Starring : Daniel Craig, Rami Malek, Léa Seydoux, Lashana Lynch, Ben Whishaw and Ralph Fiennes
Directed by: Cary Fukunaga
Rating: 3 stars
Bond’s last outing 'No Time to Die' has everyone wondering what this British Secret Service agent is upto this time. Does he have so much on his plate that he has no time to even “die”? Well, that is, perhaps, the easy explanation that the title may suggest. The truth is, this dapper assassin (Daniel Craig) is ready for another 164-minute-long thriller that includes the regular flamboyance and the grand opulent adventure that any Bond movie is known for. In terms of content though, while one enjoys all the chase sequences, the death defying falls, the crash and the rash to the utmost, is there anything that one has not seen earlier? You decide.
In the midst of all speculation, let me hasten to add that our Bond will never leave us. This one, in particular, may be leading a retired and cushy life in Jamaica, and far from hanging up his boots, he probably waits for yet another adventure to fill his life with all over again. I am going to let fans in on a secret: his near-death experiences make us all agog with excitement, and with the passage of time, he also gets a little sentimental, but when and if, cinegoers assess his roller coaster journey as a never-ending delight, it is with a view to not any finality over his existence!

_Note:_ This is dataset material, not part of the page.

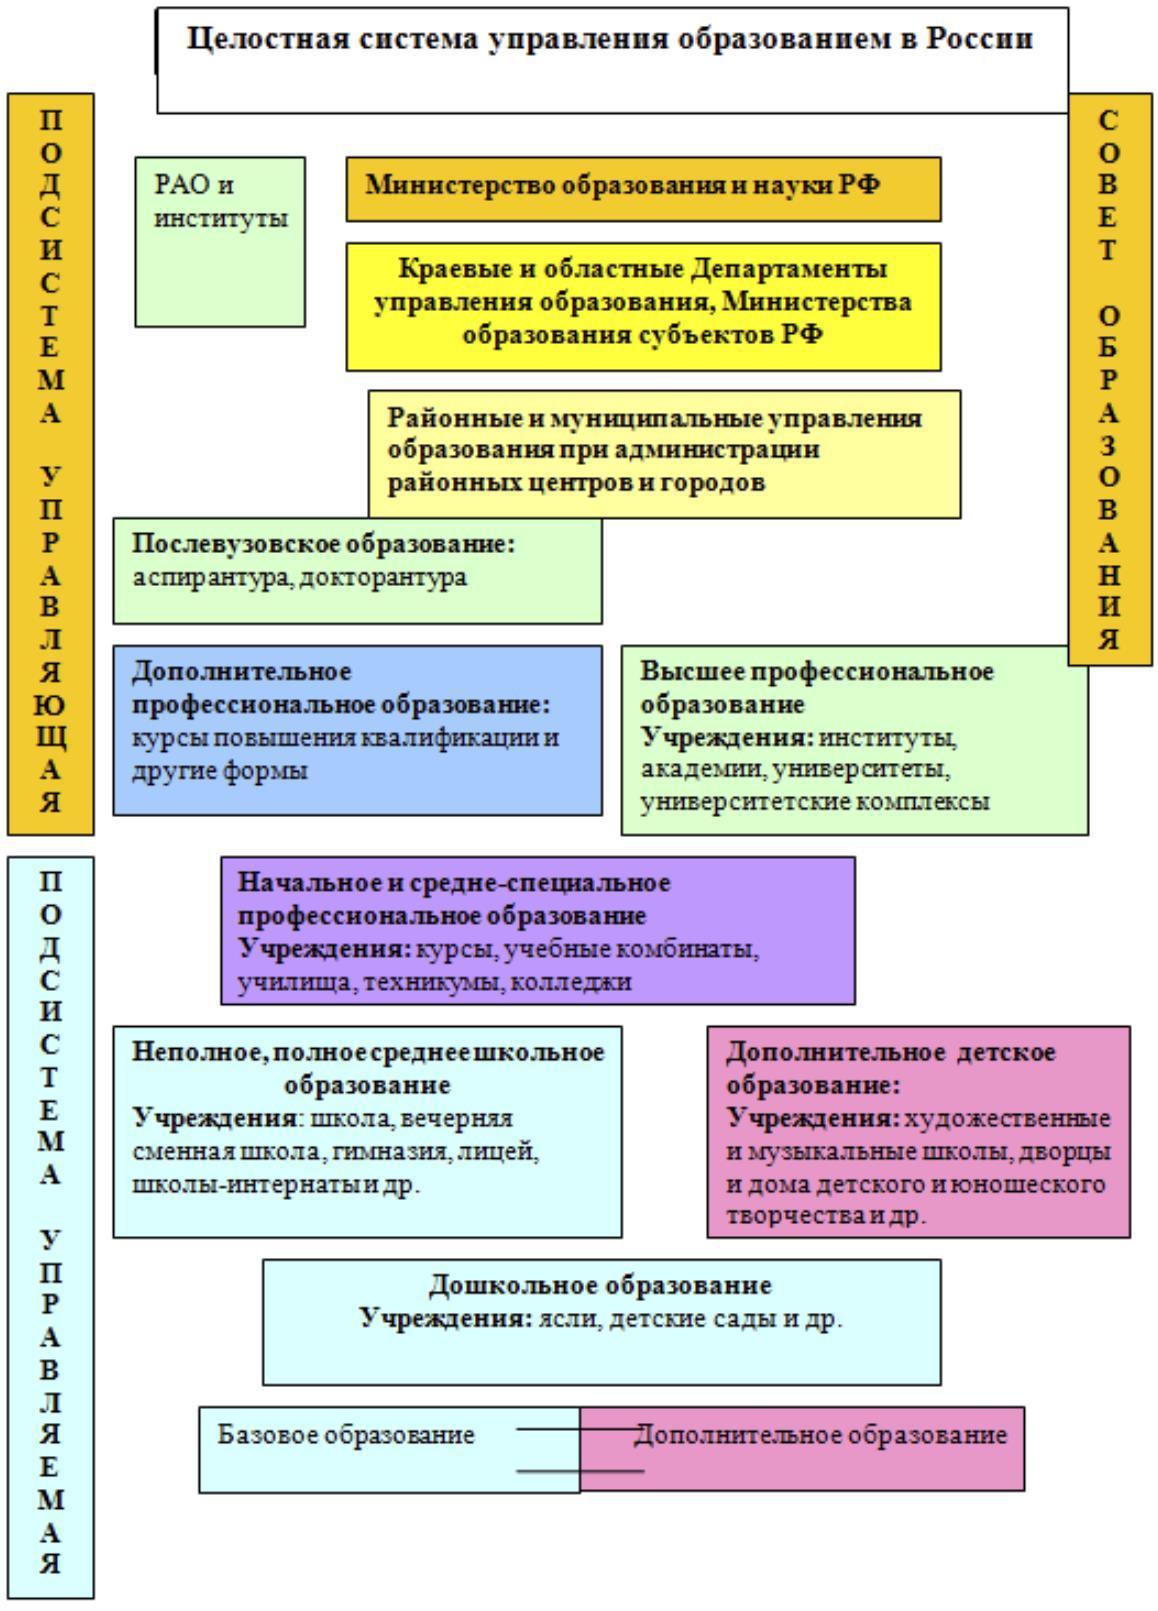 Ключевые параметры системы

Director Cary Joji Fukunaga infuses the much-awaited script with the usual action-packed thrills, palpitating chase sequences as also with one of the lengthiest opening preludes which allow the premise to sink in without much ado. Bond (Daniel Craig) is retired and enjoying a tranquil break in Jamaica, and there’s the adversary Lyutsifer Safin (Rami Malek), who doesn’t wince delivering the most diabolic lines while on a revenge mission. What makes him so magnanimously self-assured is his belief that he too, like Bond, is perhaps a hero!
The opening scene has Madeleine Swann (Léa Seydoux) as a child witnessing the murder of her mother by a man named Lyutsifer Safin. She shoots him in retribution, and drags his body out of the house. Surprisingly, he may have been seemingly lifeless, but awakens abruptly as she flees onto a nearby frozen lake - falling below the ice. He almost gets killed by her, but decides to save her life too.

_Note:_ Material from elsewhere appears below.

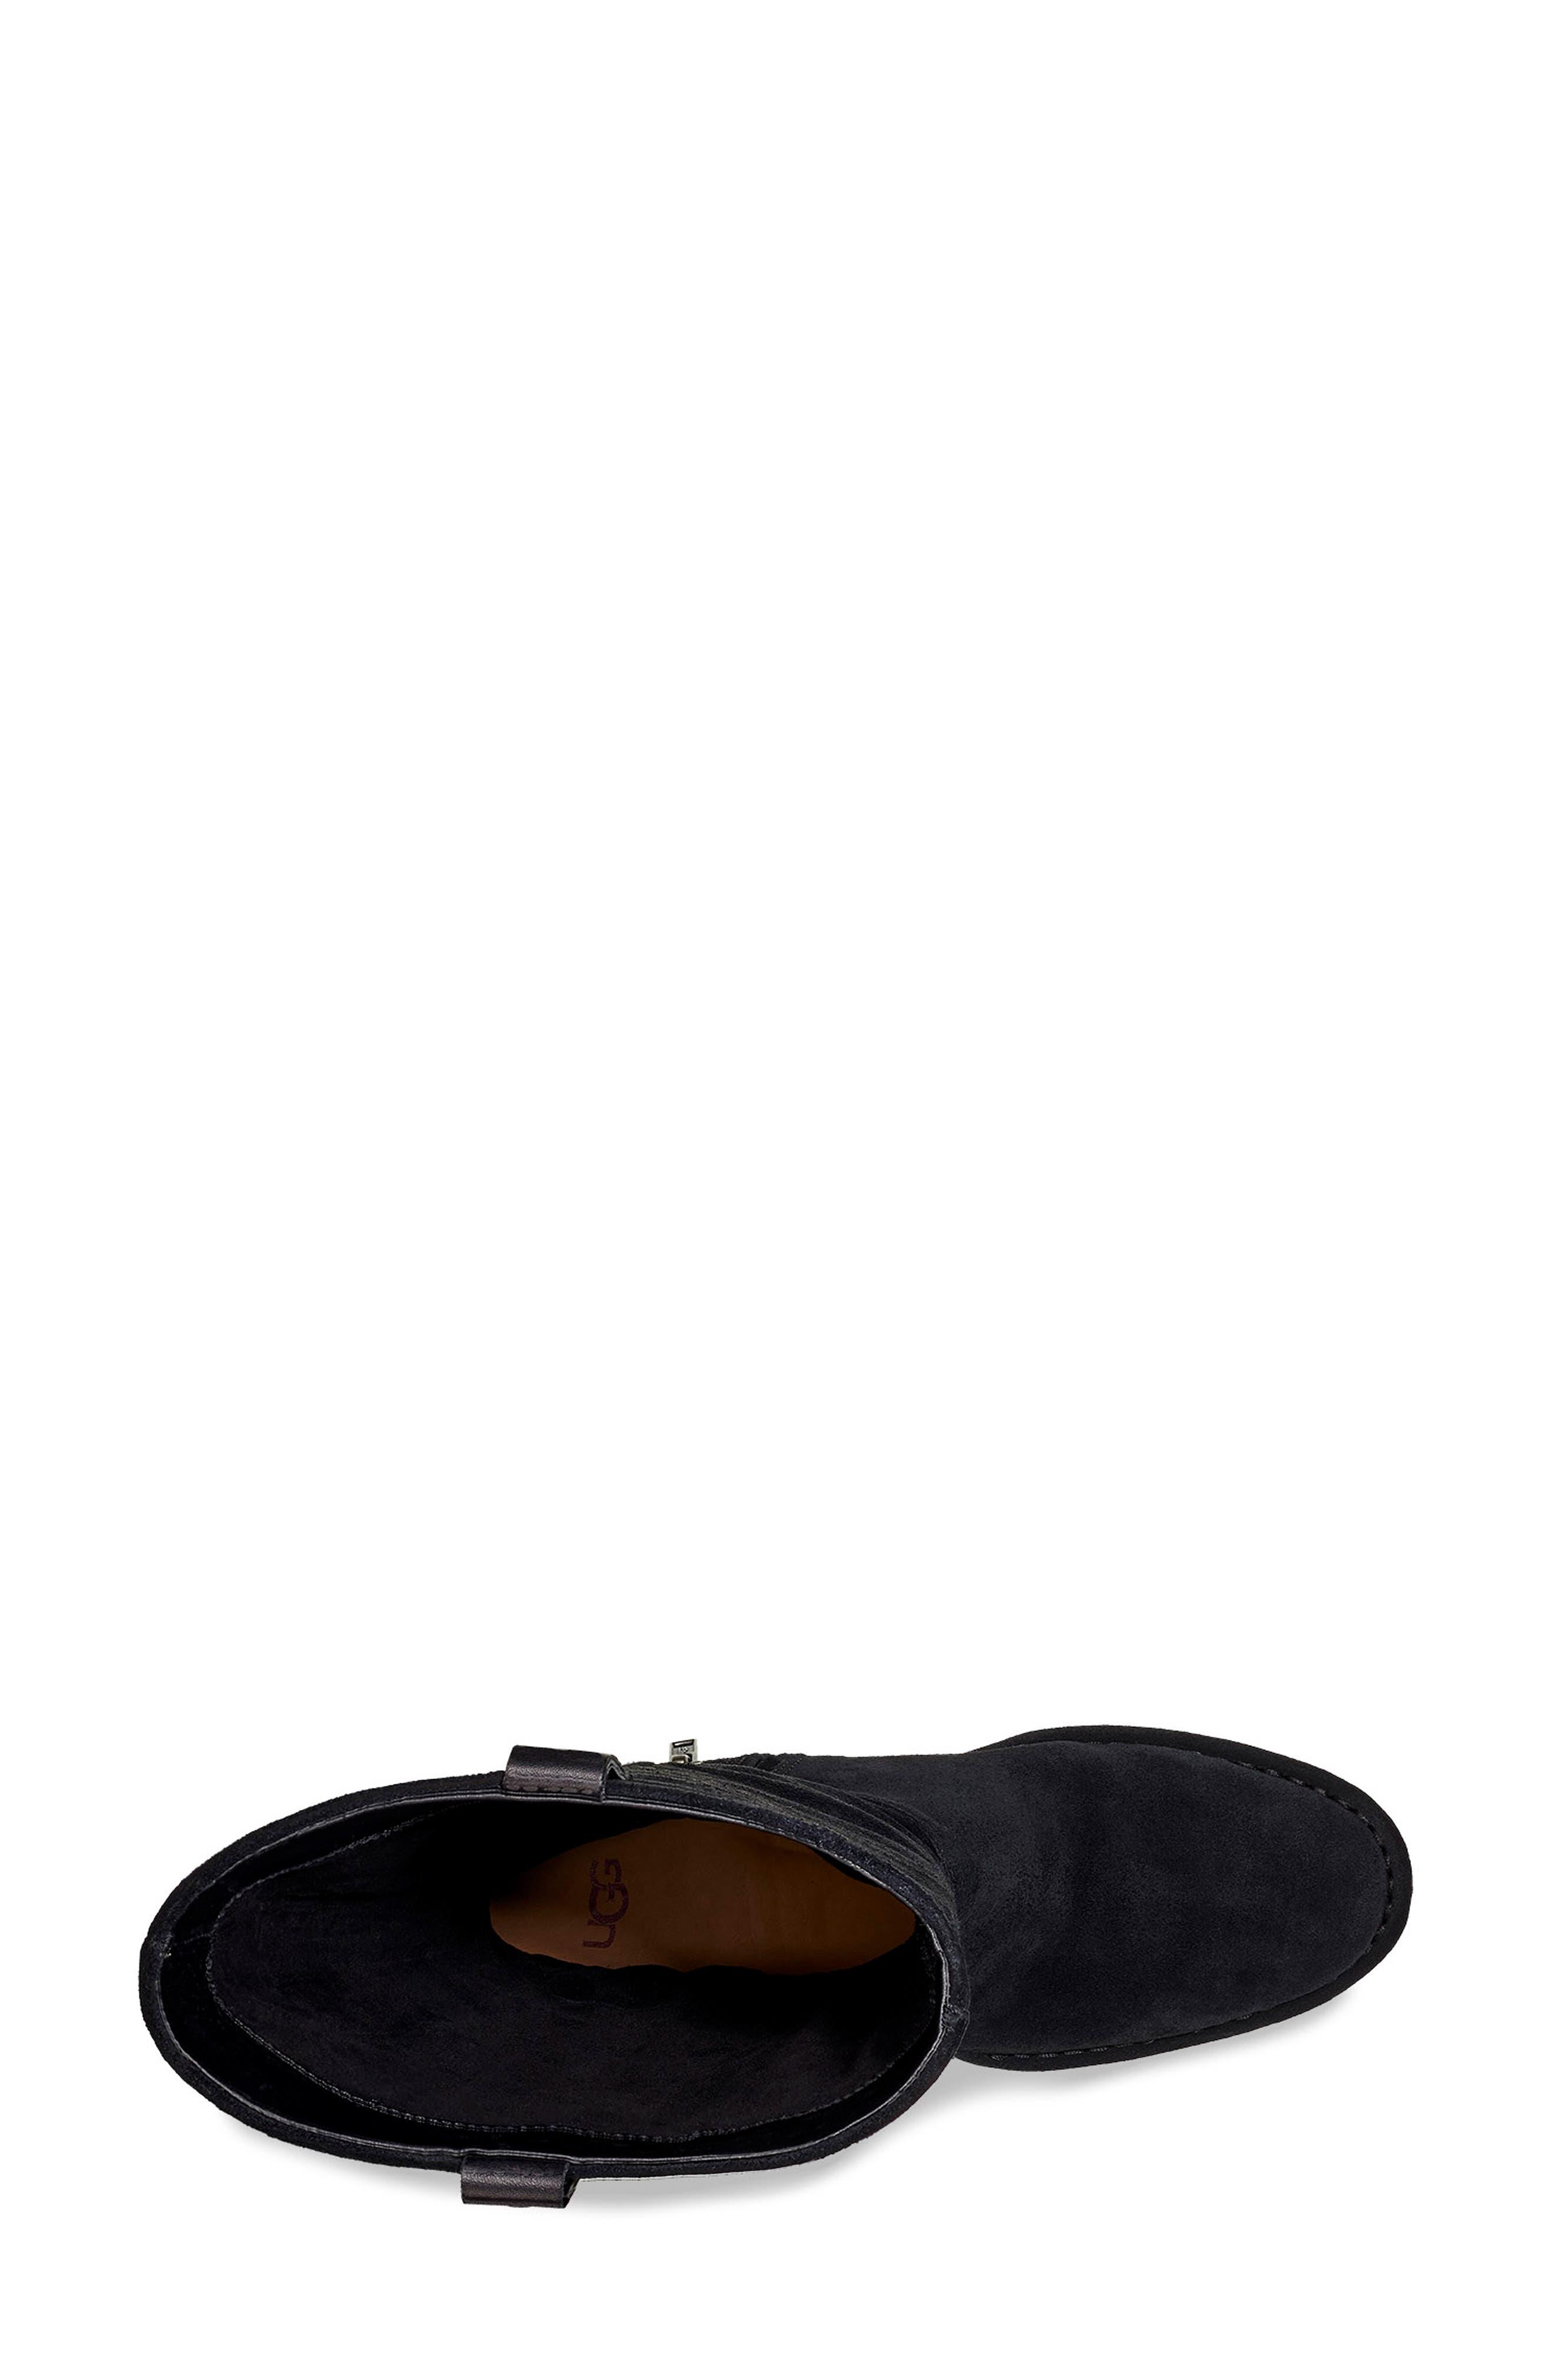 UGG Arana Knee High Leather Boot

The introductory ground is enough grist for the anticipated encounter with a terrorist, as Bond is beckoned, and his peace seems to be short-lived when his old friend Felix Leiter from the CIA turns up asking for help. A kidnapped scientist has to be rescued and that becomes Bond’s mission soon. But this isn’t any other assignment; the treacherous villain is armed with a lethal technology that could destroy everything.
From then on, the tale that gets Bond back into action, is as pacy as it gets. He joins forces with the CIA and heads to Santiago de Cuba. Presently, Swann lives in Italy, and when she and Bond are ambushed by Spectre assassins, she is accused by Bond to have betrayed him. Bond’s new task is to destroy a weaponised virus capable of targeting a specific person’s DNA, bringing Bond back to the fold, for which he gets assisted by the CIA via Felix Leiter and Logan Ash (Billy Magnussen). He’s been replaced at MI6 by a new 007 named Nomi (Lashana Lynch).
So, what’s the difference between this particular Bond and others in the past? None. Save perhaps, his impassive demeanour also has a streak of underlying emotional state that he reveals here. And therefore, his friendship with friend Felix; his yearning for Swann and Vesper, who haunts him and whose grave he visits etc, point out towards a sensitive and reserved hero who’d rather not be demonstrative. And in his final franchise as Bond, Craig shows his usual finesse. I wish I could say the same for the villain Rami Malek – he is too dreary, bland and undistinguished to stand as an opponent to the suave sanguine and self-assured Craig!
Peppered with some rather unusual sorrow, heartbreak, and (sadly!) very little romance and an overdose of subplots that require a full-on attention, the latest Bond film was trying to be different and unusual. Does it succeed? Partially it does as the style and elan linger on even if the plot seems.. ‘done it all, seen it all!